→ **BRIEF**:
The whole listing below should be printed again exactly, with no images.

→ **DATA EXTRACT**:
┄┄┄┄┄┄

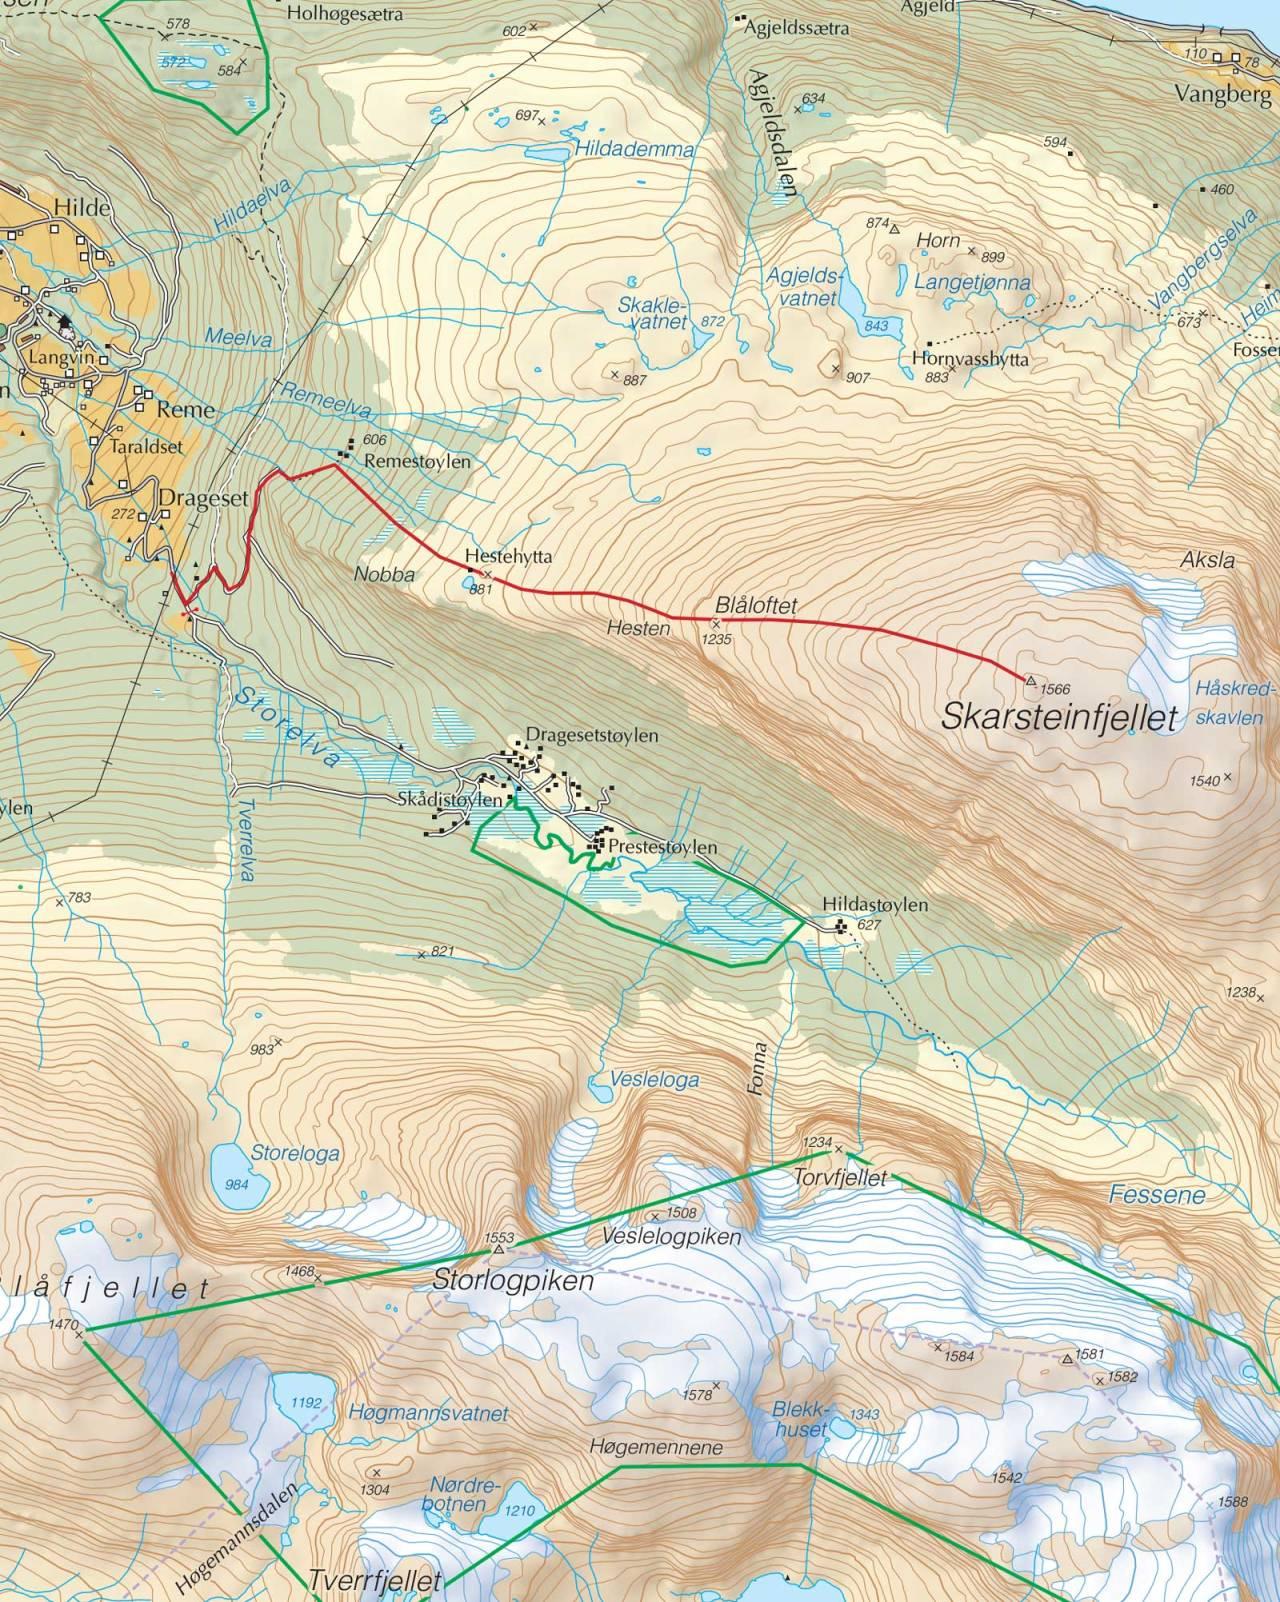 Kart over Skarsteinfjellet med inntegnet rute. Fra Trygge toppturer.
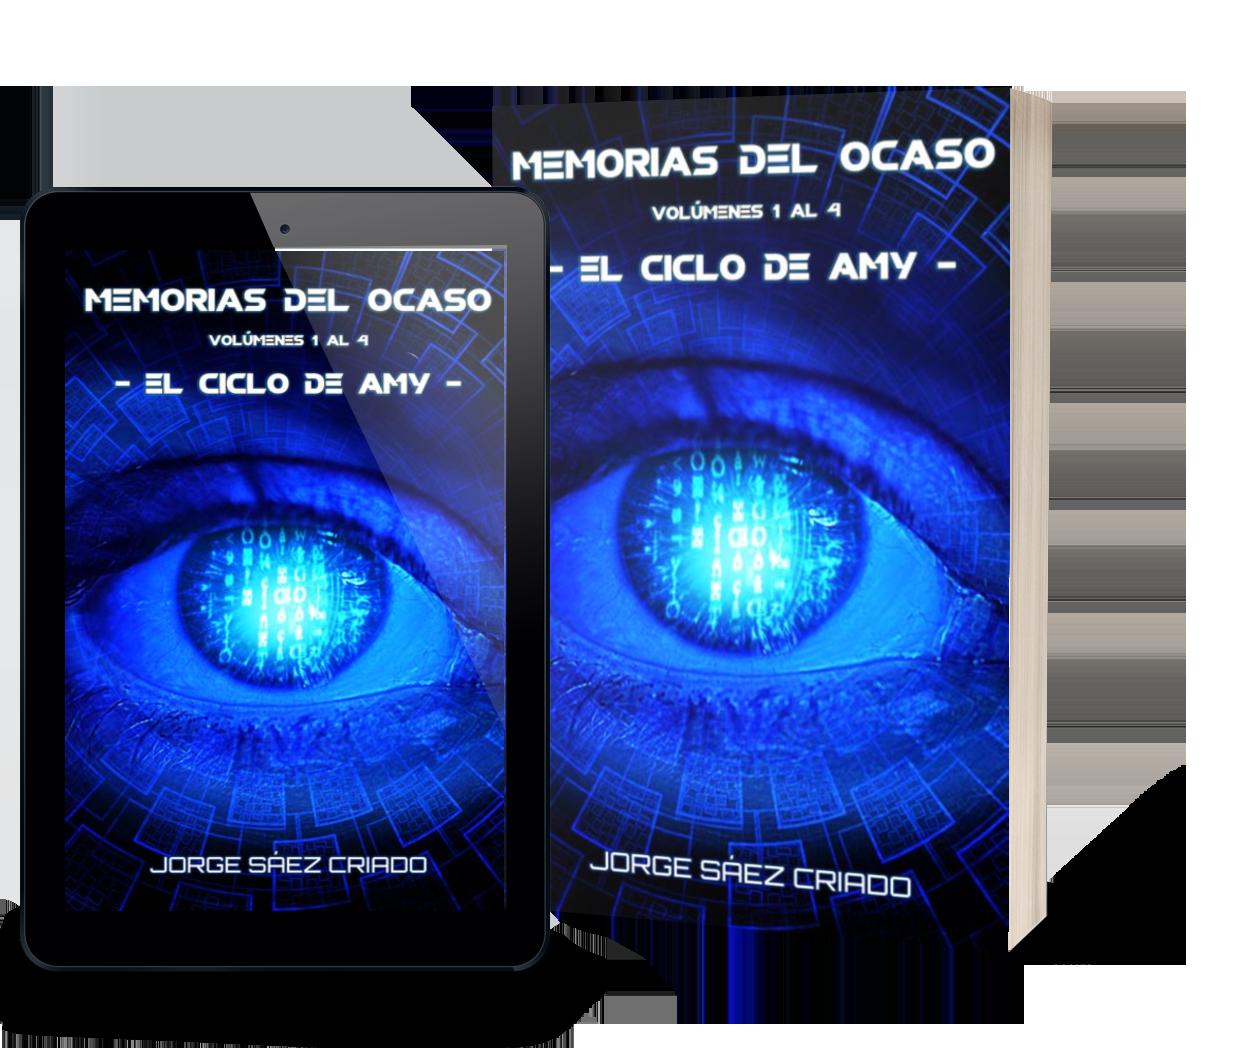 Memorias del ocaso: el ciclo de Amy Ciencia ficción Ciberpunk
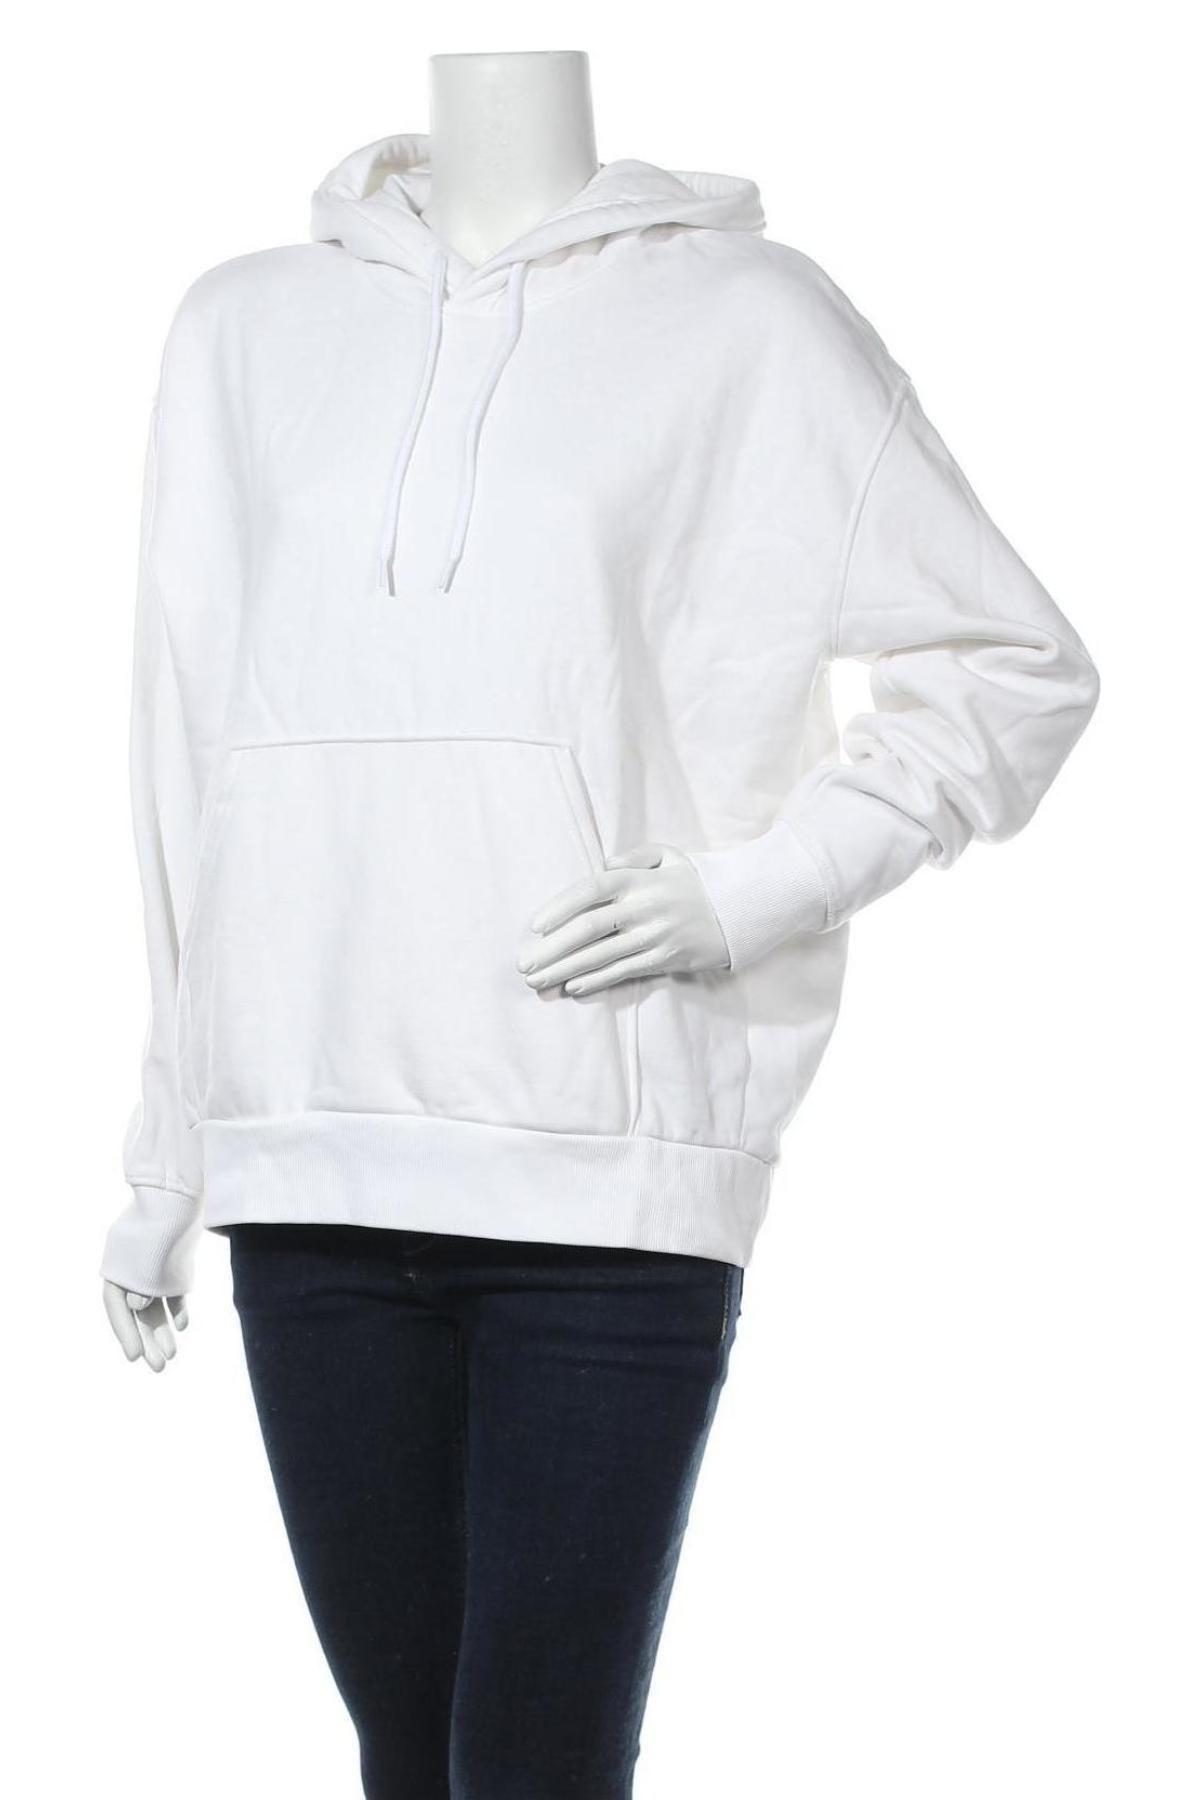 Γυναικείο φούτερ Weekday, Μέγεθος S, Χρώμα Λευκό, 80% βαμβάκι, 20% πολυεστέρας, Τιμή 12,86€

┄┄┄┄┄┄

→ **RESPONSE AREA**:
 Kart over Skarsteinfjellet med inntegnet rute. Fra Trygge toppturer.
 Memorias del ocaso: el ciclo de Amy Ciencia ficción Ciberpunk
 Γυναικείο φούτερ Weekday, Μέγεθος S, Χρώμα Λευκό, 80% βαμβάκι, 20% πολυεστέρας, Τιμή 12,86€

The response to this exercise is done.